Arutiunian works for a community organisation, Svitlyachky Blago, which hands out basic supplies. Last week it supplied first aid kits from a small first-floor room in Kostiantynivka. “The war is close. We’ve got used to it,” Julia Efimova said as she queued to pick up medicines for her 85-year-old grandmother. She continued: “I’m an optimist. I believe in our army.”

Kostiantynivka is frequently hit. An industrial zone that runs alongside the Kryvyi Torets River has been smashed. A rocket destroyed one of the city’s three hospitals, killing several displaced people from Bakhmut who had been living in a hostel next door, next to a garden of lilac bushes and lily of the valley. Another missile flattened a kindergarten, now a sea of bricks.

On 23 April, a munition dropped by a Russian plane exploded near a civilian car, leaving the driver and four passengers with multiple shrapnel wounds. The group had come from Chasiv Yar to get money from a cash machine.

The city’s railway station, meanwhile, has been hit twice. One blast demolished a neo-classical arch and blew off the gold cupolas from the church opposite. On a ruined wall, someone has written: “We are not asking too much. We just need artillery shells and aviation. Rest we do ourselves.” Nearby is a mural of Putin dangling from a blue and yellow scarf, with the slogan “Arm Ukraine”.

Arutiunian said it was extraordinary how many military resources Russia was using to capture Chasiv Yar, a town previously known for its mines and as the birthplace of Joseph Kobzon, a popular Soviet singer linked to the Moscow mafia.
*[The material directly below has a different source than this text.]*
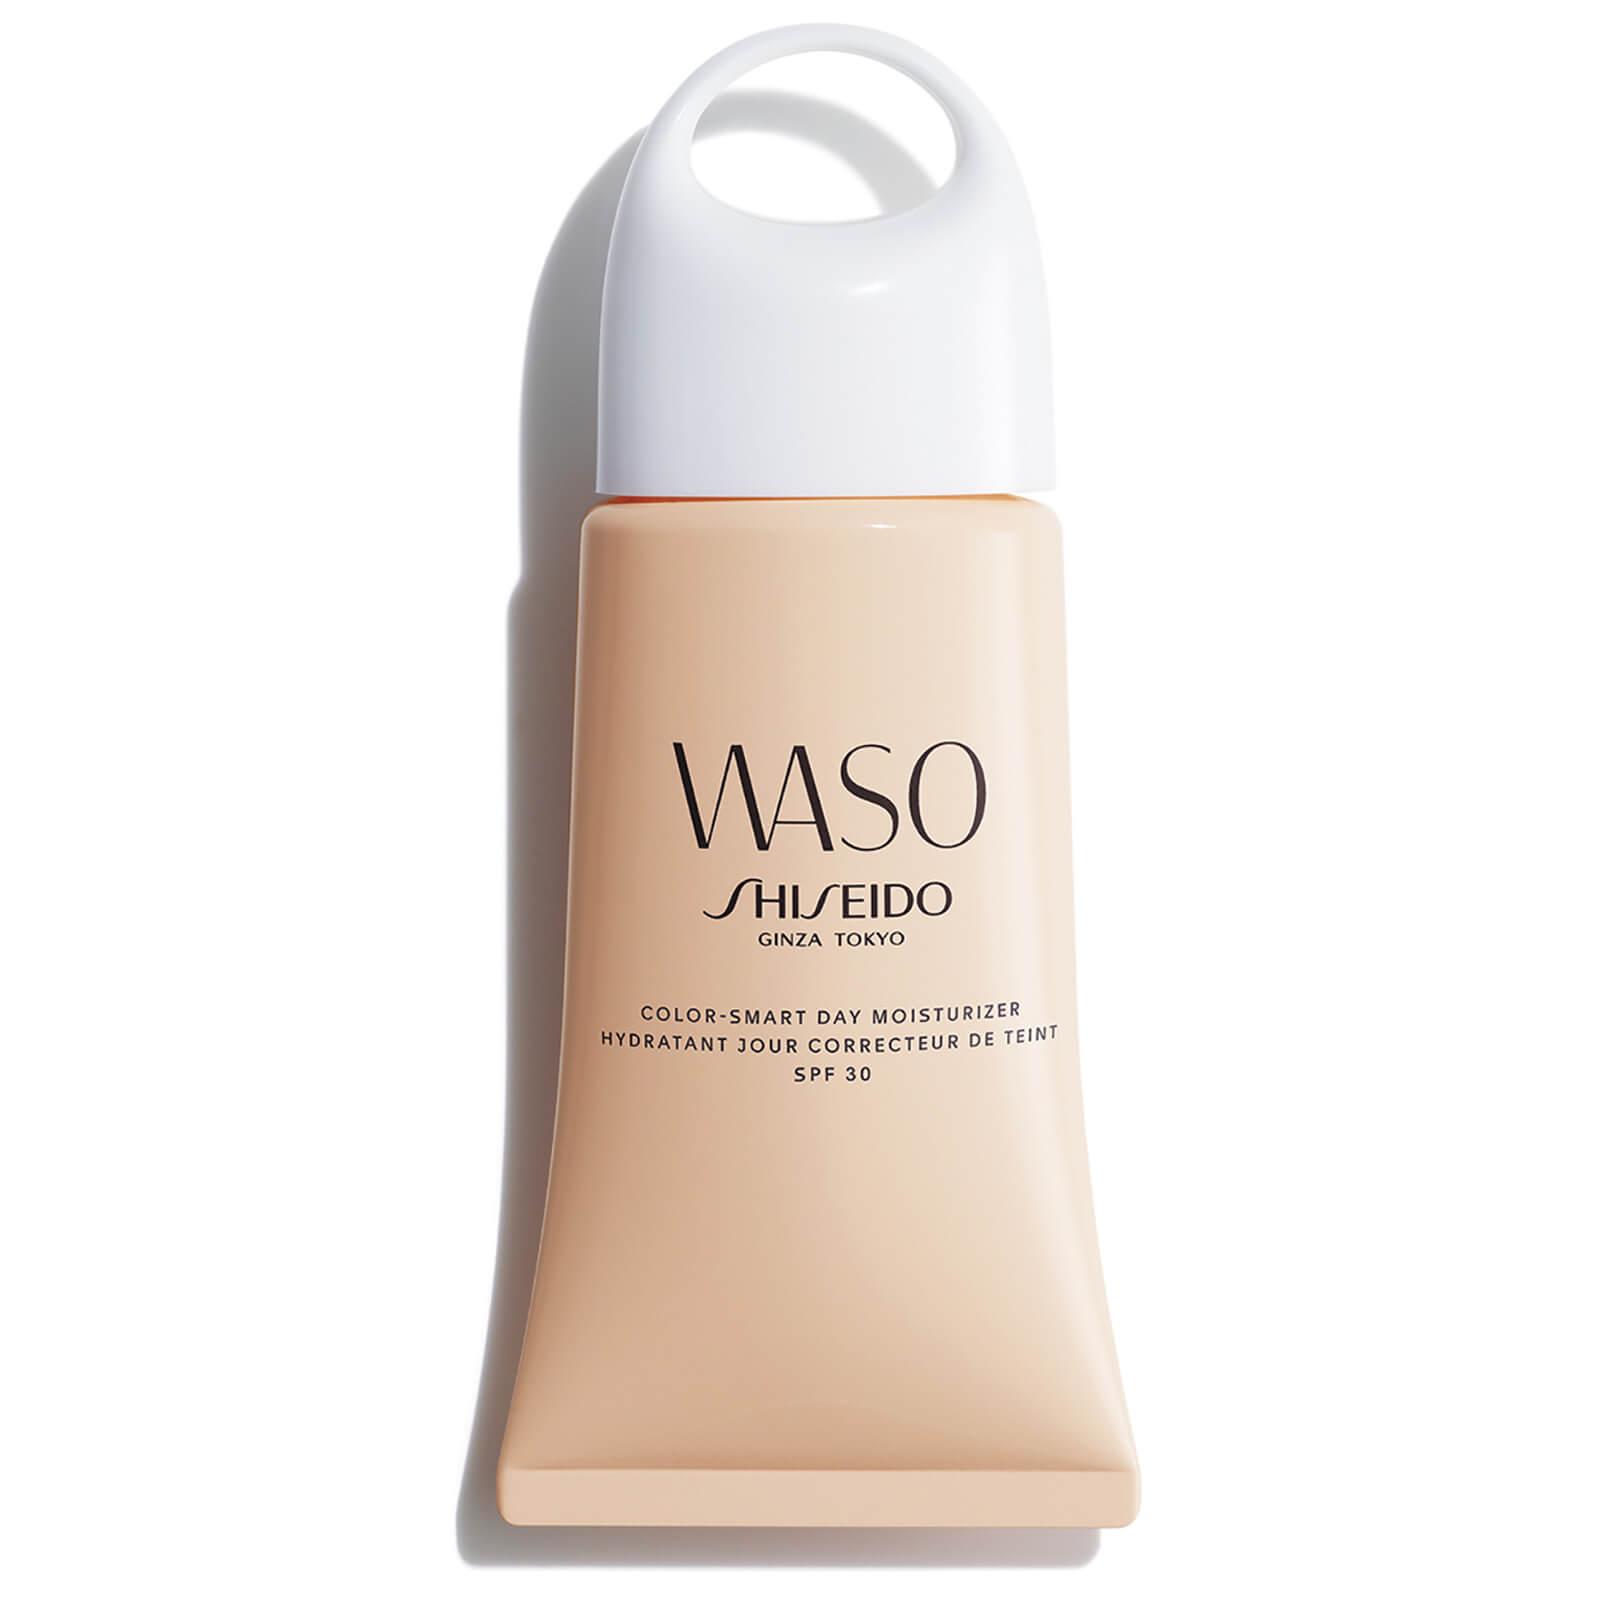 Shiseido Hydratant Jour Correcteur de Teint SPF 30 WASO Shiseido 50ml

Up until 2014, when Russia began its covert takeover of the region, the town’s music school was named after Kobzon.

Arutiunian reflected on the changes in the region over little more than a decade. A football fan, he had watched all the 2012 European Championship matches played in the Donbas Arena of the regional capital, Donetsk. “Donetsk was full of England fans. They got drunk on two-litre bottles of Sarmat beer. We liked them,” he said. He added bitterly: “Now everything is fucked up.” He blamed local pro-Russian politicians, as well as the US and UK which in the 1990s persuaded Kyiv to give up nuclear weapons.

Gorbunov acknowledged it would be decades before Kostiantynivka returned to normal, even if the war finished soon. “This used to be a super place. It’s a beautiful area. Tourists hiked in the forests and in our white chalk mountains,” he said. “Currently it’s impossible to walk anywhere. Everything is mined.” Enemy bombs ignited forest fires, he added, several of them visible last week above the tree line as giant clouds.

With no end to the fighting in sight, Gorbunov was defiant. After a stint as acting military mayor, last week he was formally appointed to the post by the president, Volodymyr Zelenskiy. “Donetsk and Luhansk provinces are Ukraine. Encirclement won’t happen here. They won’t take my city,” he said. “Everything will be Ukraine.”